Auch für Leiharbeitsfirmen gilt bald ein tariflicher Mindestlohn: Um Lohndumping zu bekämpfen, haben die Tarifpartner für die Arbeitnehmer Mindestlöhne in einem
Tarifvertrag vereinbart. Das Arbeitnehmerüberlassungsgesetz, das die Leiharbeit regelt, wurde entsprechend geändert: Es ermöglicht dem Bundesministerium für Arbeit
und Soziales, die von den Tarifparteien vorgeschlagenen
Mindestlöhne allgemeinverbindlich zu erklären.
Pro und Kontra gesetzlicher Mindestlohn
Die Frage, ob es in Deutschland einen gesetzlichen Mindestlohn für alle Branchen geben soll, wird kontrovers diskutiert.
Löhne sollen einerseits die Existenz der Arbeitnehmer sichern
und damit die Sozialkassen entlasten. Andererseits bedeuten
sie für die Unternehmen Kosten, die in die Preise einfließen.
Außerdem gilt das Lohnabstandsgebot: Diejenigen, die nicht
arbeiten und beispielsweise Arbeitslosengeld II (auch: Hartz IV)
beziehen, sollen nicht so viel Einkommen haben wie diejenigen,
die Vollzeit arbeiten.
„Zur Ausbreitung von Armutslöhnen haben vor allem der fehlende gesetzliche Mindestlohn und prekäre Arbeitsformen (…)
beigetragen. Bei den Minijobbern (auch: 400-Euro-Jobs) beziehen über 80 Prozent niedrige Löhne, bei Leiharbeitern sind es
77 Prozent. (…) 1,3 Millionen Erwerbstätige verdienen so wenig,
dass ihr Einkommen durch Leistungen der Grundsicherung
(Arbeitslosengeld II) aufgestockt werden muss.“
Annelie Buntenbach, DGB-Vorstand, Pressemitteilung vom 30.08.2011
„Die Frage ist nicht mehr, ob wir einen Mindestlohn haben
werden, sondern wie man die richtige Höhe aushandelt. Ich
bin für eine marktwirtschaftlich organisierte Lohnuntergrenze,
die weit weg vom Staat durch die Tarifparteien gefunden wird.

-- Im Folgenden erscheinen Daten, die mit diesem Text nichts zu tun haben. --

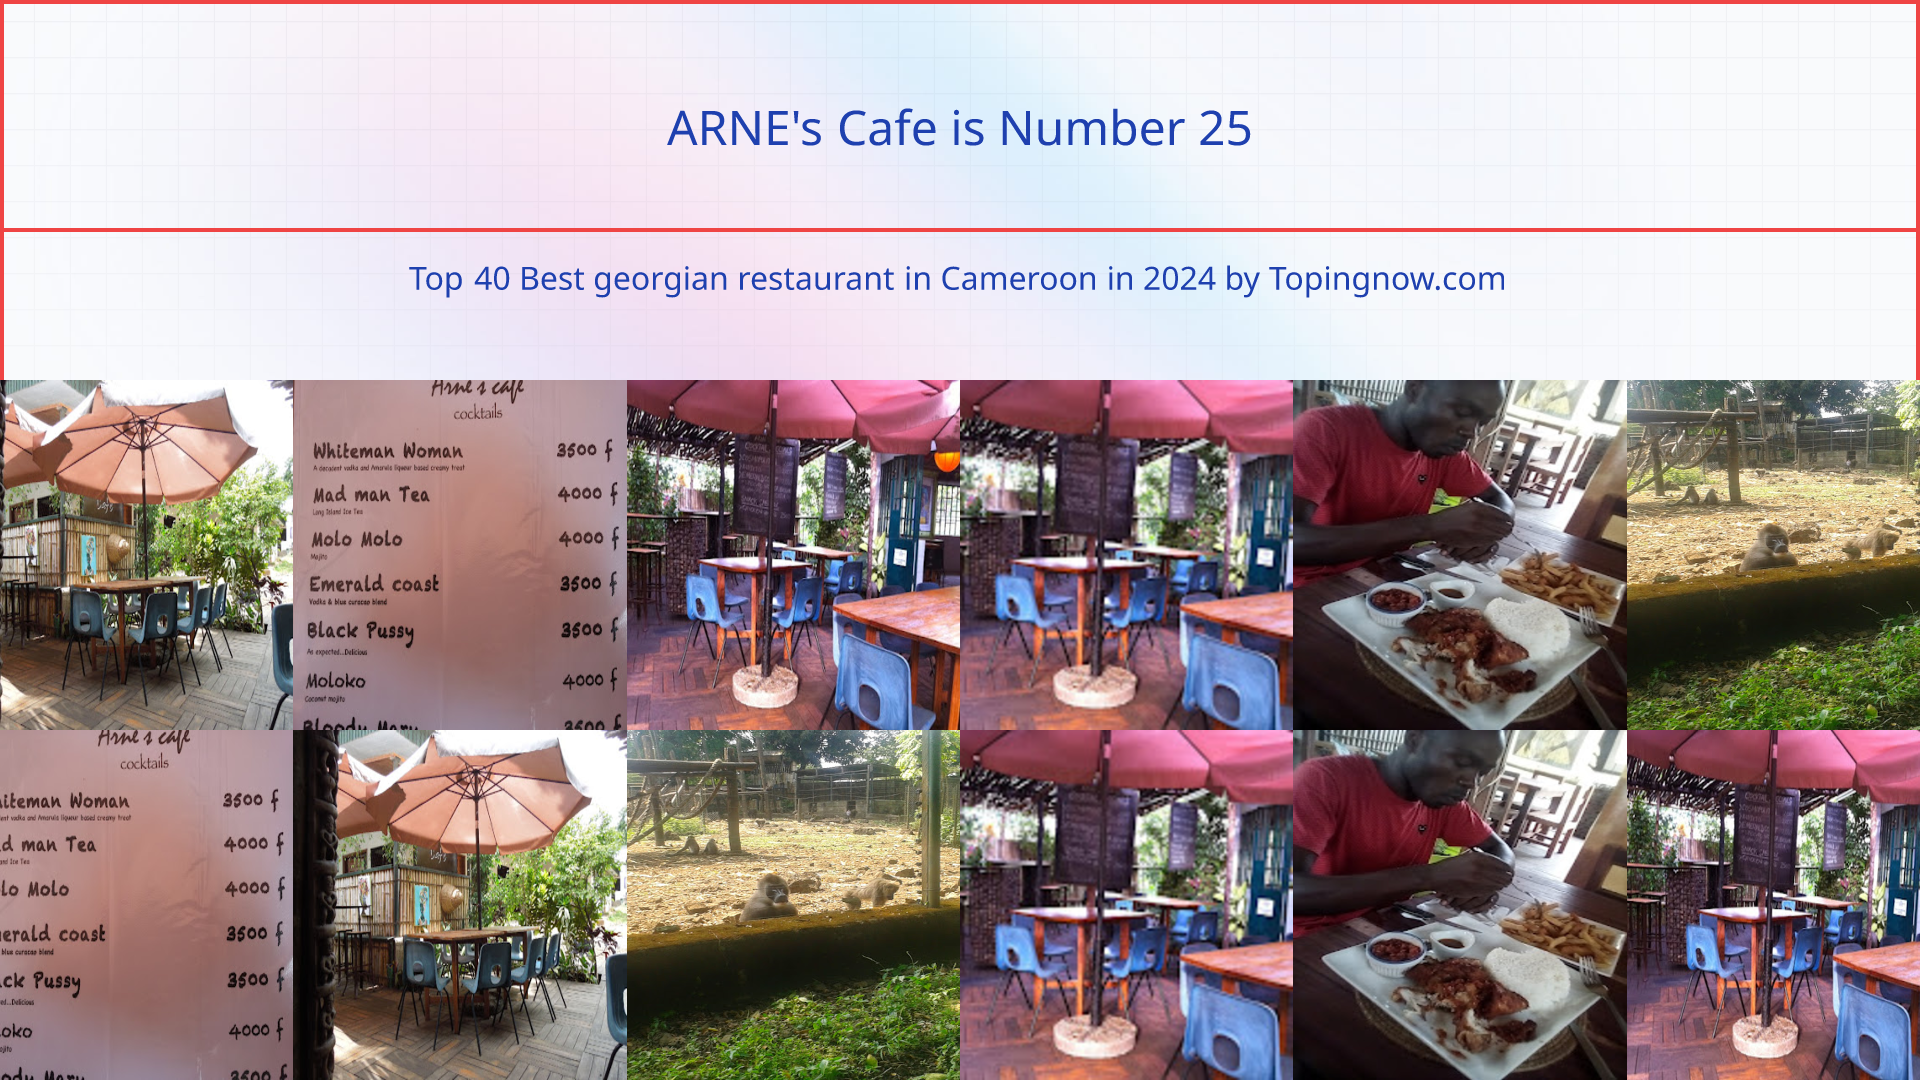 ARNE's Cafe: Top 40 Best georgian restaurant in Cameroon in 2024
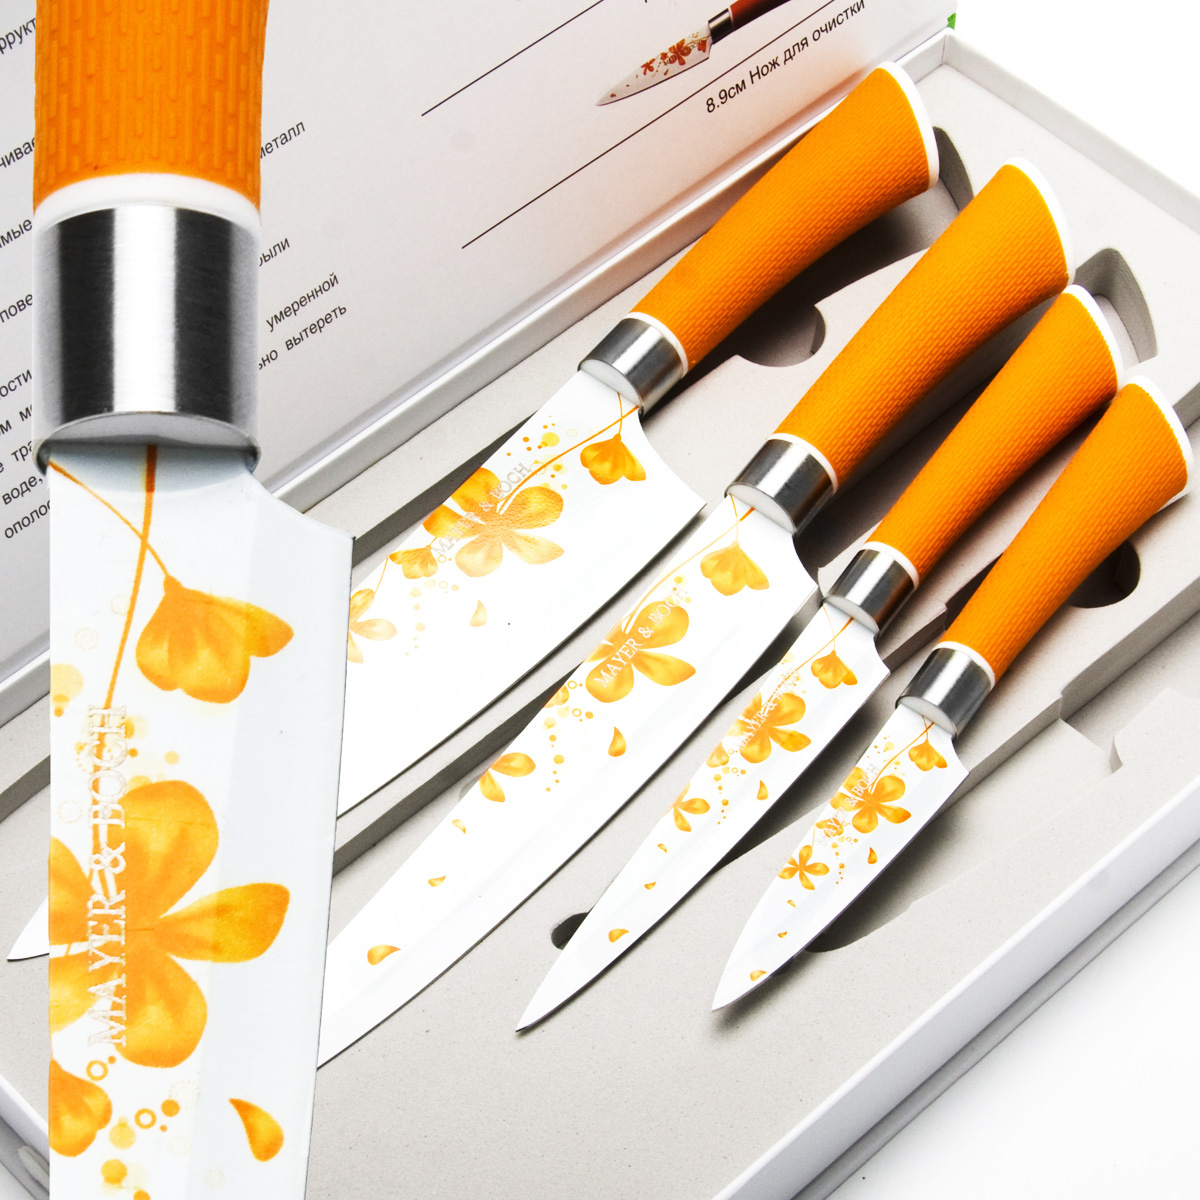  кухонных ножей Mayer&Boch, Нержавеющая сталь, 4 предметов  .

Wir sind bei den erfolgreichen Branchenmindestlöhnen mit
der Tarifautonomie gut gefahren (…). In der CDU analysieren
wir derzeit Modelle, in denen eine unabhängige Kommission
aus Arbeitgebervertretern, Gewerkschaften und Experten der
Wissenschaft Lohnuntergrenzen für die weißen Flecken der Tariflandkarte findet, wo weder Gewerkschaft noch Arbeitgeberverbände genügend Einfluss haben, um faire, auskömmliche
Löhne durchzusetzen.“
Bundesarbeitsministerin Dr. Ursula von der Leyen im Deutschlandradio,
31.10.2011
„Wenn eine allgemeine gesetzliche Lohnuntergrenze vereinbart werden soll auf Vorschlag einer Kommission, dann ist dies
ein politischer gesetzlicher Mindestlohn. (…) Ich meine, damit
werden in beträchtlichem Umfang Arbeitsplätze gefährdet und
im Falle einer Einführung eines Mindestlohns sogar aufgegeben. (…) Gerade die Entwicklung der letzten eineinhalb Jahre
zeigt, dass unsere Regelungen sehr günstig waren, es haben
sehr viele Nicht- und Geringstqualifizierte und auch Langzeitarbeitslose jetzt wieder den Einstieg in Arbeit geschafft. (…).“
Arbeitgeberpräsident Dr. Dieter Hundt im Deutschlandradio Kultur, 31.10.11
Arbeitsaufträge
1. Definieren Sie in eigenen Worten, was Mindestlöhne sind.
2. Erarbeiten Sie aus den Positionen von Arbeitgeberverbänden, Gewerkschaften und Regierung Pro- und KontraArgumente und stellen Sie diese in einer Tabelle gegenüber.
3. Sind Sie für oder gegen die Einführung. eines allgemeinen Mindestlohns? Formulieren Sie eine Stellungnahme,
indem Sie die verschiedenen Argumente gegeneinander abwägen.